2. Human-on-the-Loop Weapons: Robots are able to select their targets and strike under human oversight (who can circumvent the robots’ decisions).
3. Human-out-of-the-Loop Weapons: Robots that are fully autonomous and are able to select targets and deliver force without any human involvement.
Drones like the Predator and Reaper are only the first generation of more robust robotic weaponry, weapons that will literally be enabled to kill independent of human decision-making (United States. Cong.10). What is coming and what should be discussed are Human-on-the-Loop Weapons and to a greater extent Human-out-of-the-Loop weapons.
The US Department of Defense expects that eventually “…unmanned systems seamlessly operating with manned systems while gradually reducing the degree of human control and decision making required for the unmanned portion of the force structure."
The US Airforce has said “increasingly humans will no longer be ‘in the loop’ but rather ‘on the loop’—monitoring the execution of certain decisions. Simultaneously, advances in AI will enable systems to make combat decisions and act within legal and policy constraints without necessarily requiring human input."
A 2004 US Navy report on underwater vehicles stated, “While admittedly futuristic in vision, one can conceive of scenarios where UUVs sense, track, identify, target, and destroy an enemy—all autonomously” (Docherty).
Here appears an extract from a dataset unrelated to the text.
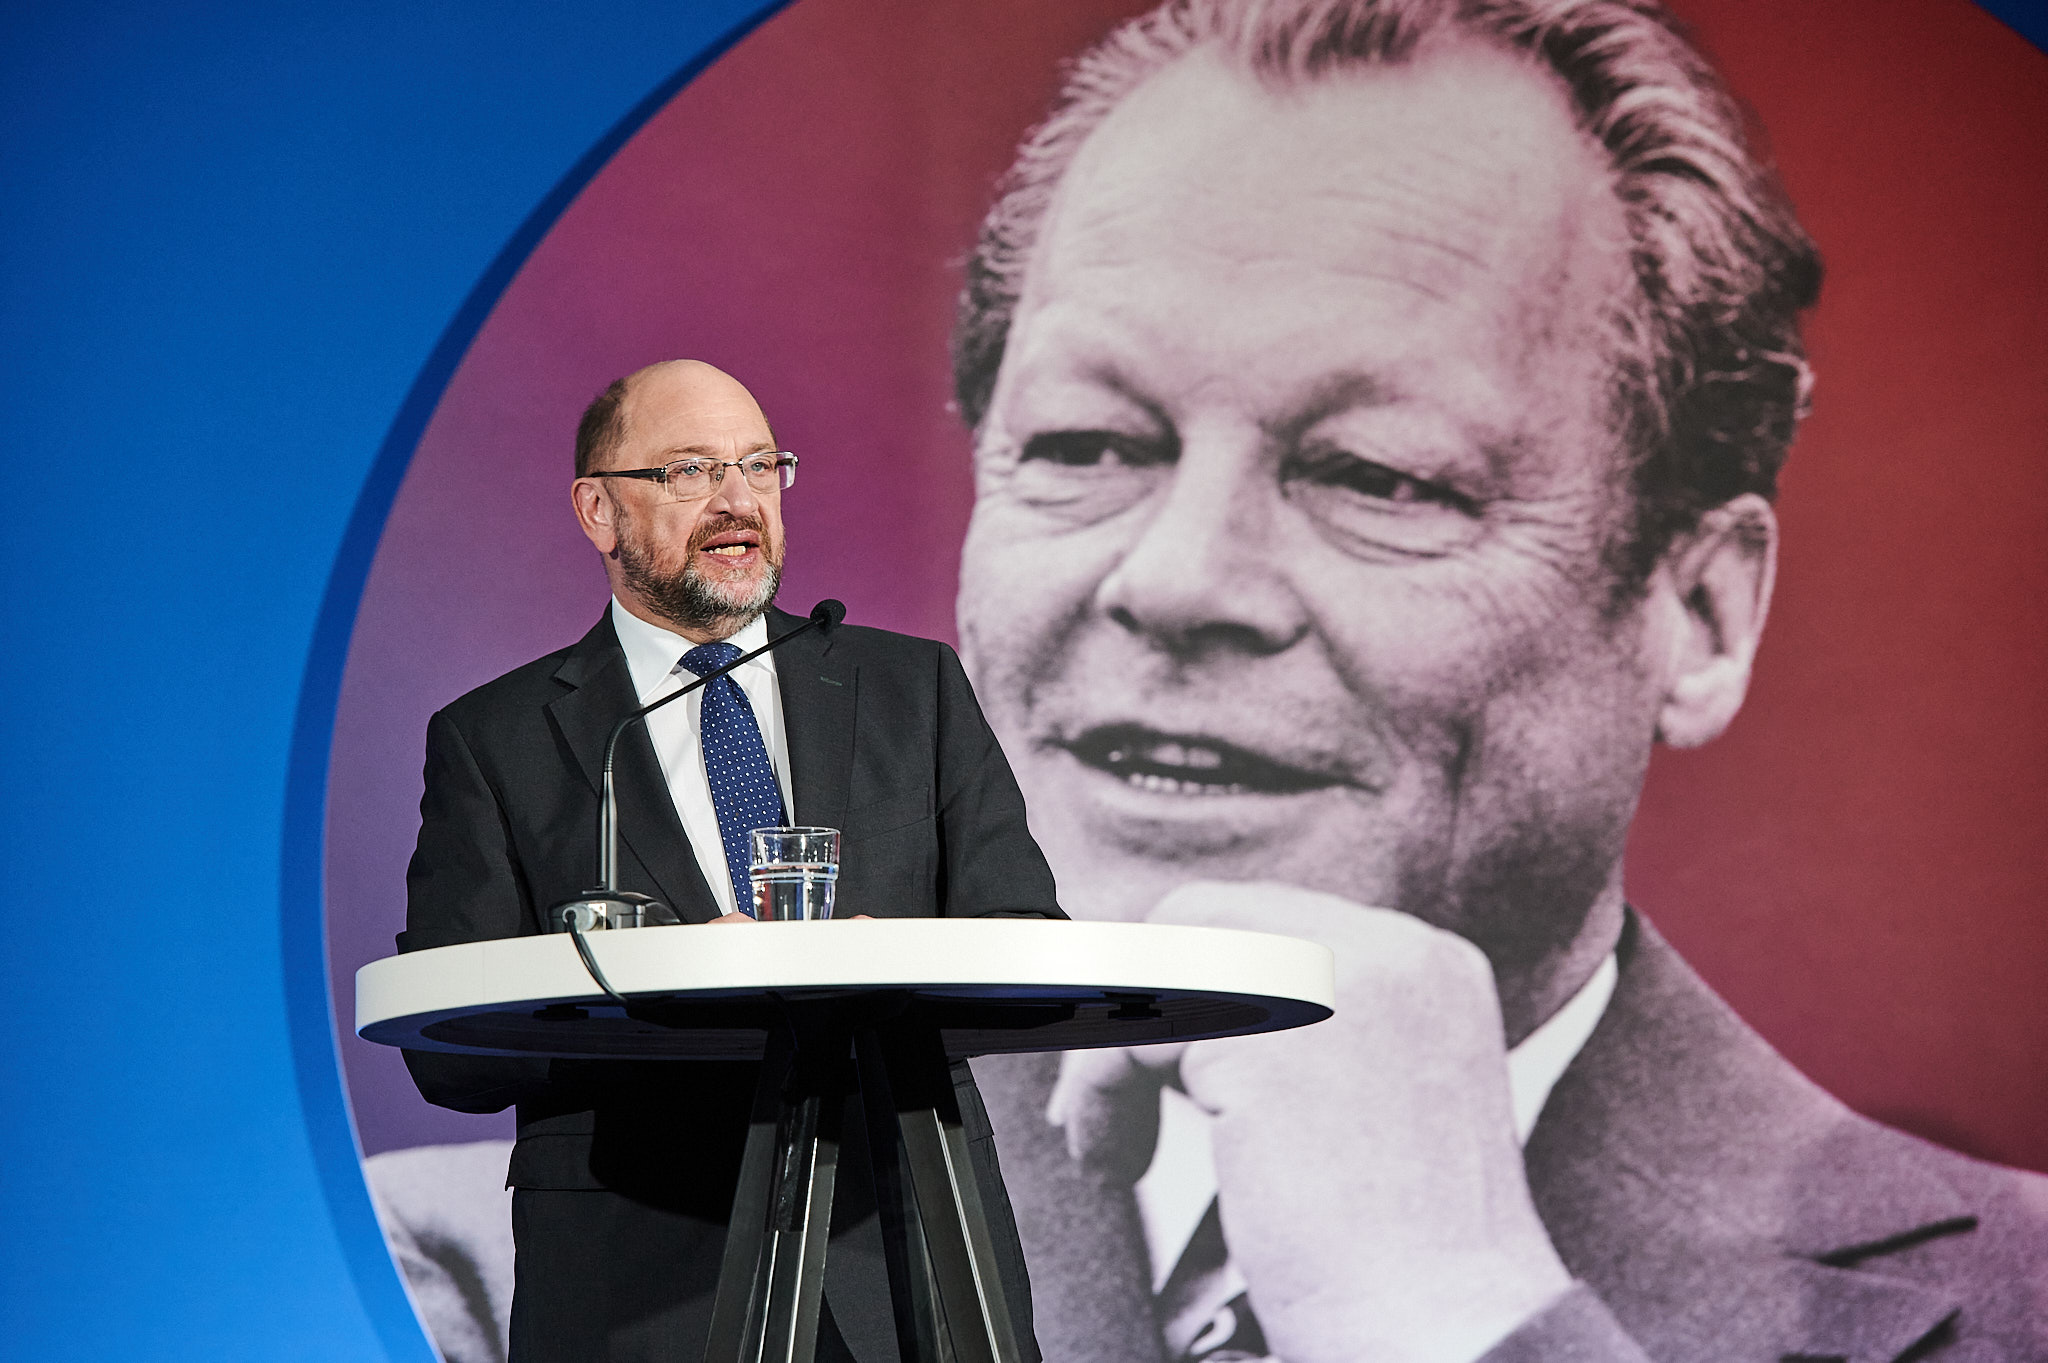 50 Jahre Friedensnobelpreis für Willy Brandt: Die Friedrich-Ebert-Stiftung um ihren Vorsitzenden Martin Schulz hat ein umfangreiches Programm zusammengestellt.

Enabling a robot to decide via computer programming whether or not to use deadly force on a human opens up a whole new discussion of dirty hands. It potentially eliminates the very act of a political and military leader struggling with moral decisions because those decisions will be abdicated to LARS. In a sense, a robot becomes the ethicists and the strategist. If the robot deems a dirty hands decision to be “right,” then why should a human think any differently?